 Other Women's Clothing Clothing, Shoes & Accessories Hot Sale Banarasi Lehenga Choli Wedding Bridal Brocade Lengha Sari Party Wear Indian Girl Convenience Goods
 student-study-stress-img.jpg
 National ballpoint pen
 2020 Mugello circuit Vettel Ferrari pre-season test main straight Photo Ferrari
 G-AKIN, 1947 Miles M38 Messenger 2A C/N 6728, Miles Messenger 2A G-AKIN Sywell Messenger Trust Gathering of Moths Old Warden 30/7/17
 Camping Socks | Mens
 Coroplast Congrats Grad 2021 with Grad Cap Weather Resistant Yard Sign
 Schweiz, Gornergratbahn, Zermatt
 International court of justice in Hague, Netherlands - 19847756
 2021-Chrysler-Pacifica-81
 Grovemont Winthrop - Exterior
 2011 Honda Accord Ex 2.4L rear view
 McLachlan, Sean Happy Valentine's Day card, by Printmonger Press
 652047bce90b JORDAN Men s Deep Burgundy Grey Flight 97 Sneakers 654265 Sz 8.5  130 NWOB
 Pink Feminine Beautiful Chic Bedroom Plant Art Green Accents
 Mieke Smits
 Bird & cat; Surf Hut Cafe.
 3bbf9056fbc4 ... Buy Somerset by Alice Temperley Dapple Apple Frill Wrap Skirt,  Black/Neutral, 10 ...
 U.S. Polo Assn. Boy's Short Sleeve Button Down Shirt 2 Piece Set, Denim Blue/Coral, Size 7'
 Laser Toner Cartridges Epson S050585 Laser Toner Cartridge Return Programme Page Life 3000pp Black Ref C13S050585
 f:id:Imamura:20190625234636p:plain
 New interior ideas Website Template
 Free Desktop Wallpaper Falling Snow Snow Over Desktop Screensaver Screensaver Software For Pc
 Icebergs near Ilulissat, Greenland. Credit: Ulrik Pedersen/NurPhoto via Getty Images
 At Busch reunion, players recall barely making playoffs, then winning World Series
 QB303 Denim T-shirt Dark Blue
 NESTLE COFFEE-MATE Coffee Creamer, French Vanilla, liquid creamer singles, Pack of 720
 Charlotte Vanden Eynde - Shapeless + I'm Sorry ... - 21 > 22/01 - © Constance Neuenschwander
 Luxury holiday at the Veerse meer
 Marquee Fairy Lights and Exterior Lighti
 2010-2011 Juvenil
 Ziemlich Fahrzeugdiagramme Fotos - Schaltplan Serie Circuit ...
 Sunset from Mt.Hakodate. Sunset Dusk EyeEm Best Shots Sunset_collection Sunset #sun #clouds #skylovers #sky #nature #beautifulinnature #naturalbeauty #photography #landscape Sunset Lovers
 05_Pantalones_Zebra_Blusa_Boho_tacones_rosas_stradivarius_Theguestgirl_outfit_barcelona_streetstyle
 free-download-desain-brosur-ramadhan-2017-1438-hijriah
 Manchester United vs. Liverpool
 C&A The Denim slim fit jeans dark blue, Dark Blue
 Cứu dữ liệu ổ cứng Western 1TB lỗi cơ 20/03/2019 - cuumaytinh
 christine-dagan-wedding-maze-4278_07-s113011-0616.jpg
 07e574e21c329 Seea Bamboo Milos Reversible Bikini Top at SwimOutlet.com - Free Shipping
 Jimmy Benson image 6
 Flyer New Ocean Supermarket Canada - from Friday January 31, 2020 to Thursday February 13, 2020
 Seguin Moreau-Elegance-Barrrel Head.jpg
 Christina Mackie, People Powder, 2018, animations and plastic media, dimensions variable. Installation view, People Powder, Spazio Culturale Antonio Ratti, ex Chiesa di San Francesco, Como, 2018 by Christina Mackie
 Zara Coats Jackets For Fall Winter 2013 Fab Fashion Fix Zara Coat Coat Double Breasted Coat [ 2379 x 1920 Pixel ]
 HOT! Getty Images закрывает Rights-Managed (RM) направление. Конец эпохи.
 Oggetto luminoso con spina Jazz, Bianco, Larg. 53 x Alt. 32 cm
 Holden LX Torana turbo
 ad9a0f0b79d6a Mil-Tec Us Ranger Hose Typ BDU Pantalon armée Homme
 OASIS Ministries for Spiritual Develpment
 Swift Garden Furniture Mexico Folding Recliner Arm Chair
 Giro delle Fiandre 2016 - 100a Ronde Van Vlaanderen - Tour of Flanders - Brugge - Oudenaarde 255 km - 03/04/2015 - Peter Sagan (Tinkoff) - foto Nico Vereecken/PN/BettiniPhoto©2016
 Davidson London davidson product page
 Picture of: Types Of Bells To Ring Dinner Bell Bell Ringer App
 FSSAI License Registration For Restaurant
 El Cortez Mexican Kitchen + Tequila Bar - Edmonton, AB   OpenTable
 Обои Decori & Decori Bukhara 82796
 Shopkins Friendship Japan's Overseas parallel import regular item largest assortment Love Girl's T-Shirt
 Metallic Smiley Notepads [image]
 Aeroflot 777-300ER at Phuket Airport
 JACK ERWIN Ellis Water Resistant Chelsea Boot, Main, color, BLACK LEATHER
________
▶ **How to complete this task**
Restate word for word each line of the data from the one with "ad9a0f0b79d6a Mil-Tec Us" to the last, keeping both ends.

▶ **Expected answer**
 ad9a0f0b79d6a Mil-Tec Us Ranger Hose Typ BDU Pantalon armée Homme
 OASIS Ministries for Spiritual Develpment
 Swift Garden Furniture Mexico Folding Recliner Arm Chair
 Giro delle Fiandre 2016 - 100a Ronde Van Vlaanderen - Tour of Flanders - Brugge - Oudenaarde 255 km - 03/04/2015 - Peter Sagan (Tinkoff) - foto Nico Vereecken/PN/BettiniPhoto©2016
 Davidson London davidson product page
 Picture of: Types Of Bells To Ring Dinner Bell Bell Ringer App
 FSSAI License Registration For Restaurant
 El Cortez Mexican Kitchen + Tequila Bar - Edmonton, AB   OpenTable
 Обои Decori & Decori Bukhara 82796
 Shopkins Friendship Japan's Overseas parallel import regular item largest assortment Love Girl's T-Shirt
 Metallic Smiley Notepads [image]
 Aeroflot 777-300ER at Phuket Airport
 JACK ERWIN Ellis Water Resistant Chelsea Boot, Main, color, BLACK LEATHER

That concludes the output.